Specifically, the means implemented by the present invention comprises: an instruction generating unit for generating a plurality of types of instructions; a plurality of instruction execution units each configured to execute a different type of instruction; It is assumed that the data processing apparatus includes an instruction fetch unit that selects and fetches an instruction input from the unit and adds the instruction to each of the instruction execution units. The instruction fetch unit is disposed corresponding to each of the instruction execution units, and selects one of the instructions input from the plurality of input units in response to the control signal and sends the selected instruction to each of the instruction execution units. A plurality of instruction selection circuits to be sent; an instruction standby unit having an input side connected to the instruction generation unit via an instruction bus, and an output side connected to the input unit of the instruction selection circuit via a standby instruction bus; After detecting the instruction input to each instruction execution unit from the selection circuit, and storing in the instruction standby unit the instruction that has not been executed by any instruction execution unit among the instructions input from the instruction generation unit, And control means for controlling transmission from the instruction selection circuit to the instruction execution unit.
Moreover, the instruction waiting section stores the unexecuted instruction and its program.
Wait instruction indicating the type of instruction determined by re-decoding
Unexecuted wait after temporarily storing decode signal
An instruction is output to the standby instruction bus and the standby instruction
A code signal is sent to each of the above-mentioned instruction selection circuits as the above-mentioned control signal
It has a function to output.

[0010]

According to the present invention, instruction selection / selection by the instruction selection circuit is performed.
When issuing control, the standby command output from the
Instruction decoding signal
Even if the instruction output from the standby unit is decoded again
To which instruction execution unit this instruction should be issued.
You can know immediately. Therefore, it is necessary to issue
Time and data processor speed
It is.

[0011]

BRIEF DESCRIPTION OF THE DRAWINGS FIG. 1 is a block diagram showing an embodiment of a data processing apparatus according to the present invention.
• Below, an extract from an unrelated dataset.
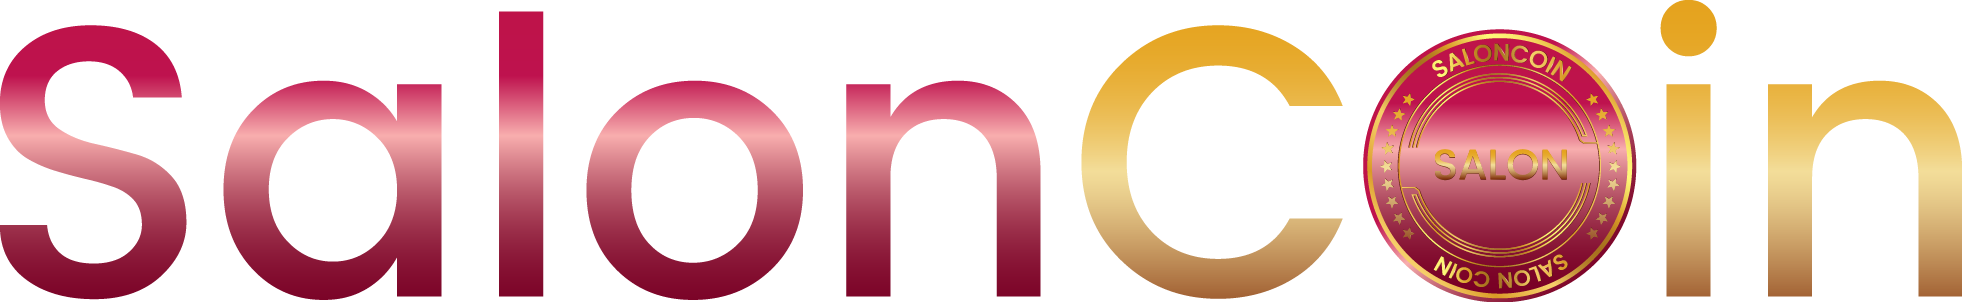 saloncoin logo

As shown in FIG. 1, the data processing apparatus of the present invention includes an instruction cache operation clock generation unit 10, an instruction address generation unit 20, an instruction cache 30, and instruction buses Bin1 and Bin2 provided in the instruction cache 30. Instruction fetch unit 100 connected via
00, first and second instruction execution units 50 and 60 connected via instruction issue buses Bout1 and Bout2, respectively, are arranged. The instruction cache is connected to an instruction bus (not shown), and the first and second instruction execution units 50 and 60 are connected to a register file (not shown). Further, a data cache (not shown), a data address generator, and a data cache operation clock generator are connected to the register file.

The instruction cache operation clock generator 1
0, the instruction address generation unit 20, the instruction fetch unit 100,
Each of the first and second instruction execution units 50 and 60 is configured to operate in response to an external clock signal CLK, but the instruction cache 30 stores the address synchronization clock generated by the instruction cache operation clock generation unit 10. Signal S10
It is configured to operate in accordance with The first and second instruction execution units 50 and 60 are configured to execute different types of instructions. That is, the address signal S22 from the instruction address generation unit 20 is transmitted to the instruction cache 3
0, two instructions are read in one cycle in the instruction cache 30, and the instruction IR of the relevant address is read.
1 and IR2 are output to the instruction buses Bin1 and Bin2. Then, the instructions IR1, I2 are transmitted via the instruction buses Bin1, Bin2.
When R2 is input to the instruction fetch unit 100, the instruction fetch unit 100 sorts the instructions IR1 and IR2 into types that are compatible with the instruction execution units 50 and 60, and selects each type via the instruction issue buses Bout1 and Bout2. The instruction is sent to the instruction execution units 50 and 60.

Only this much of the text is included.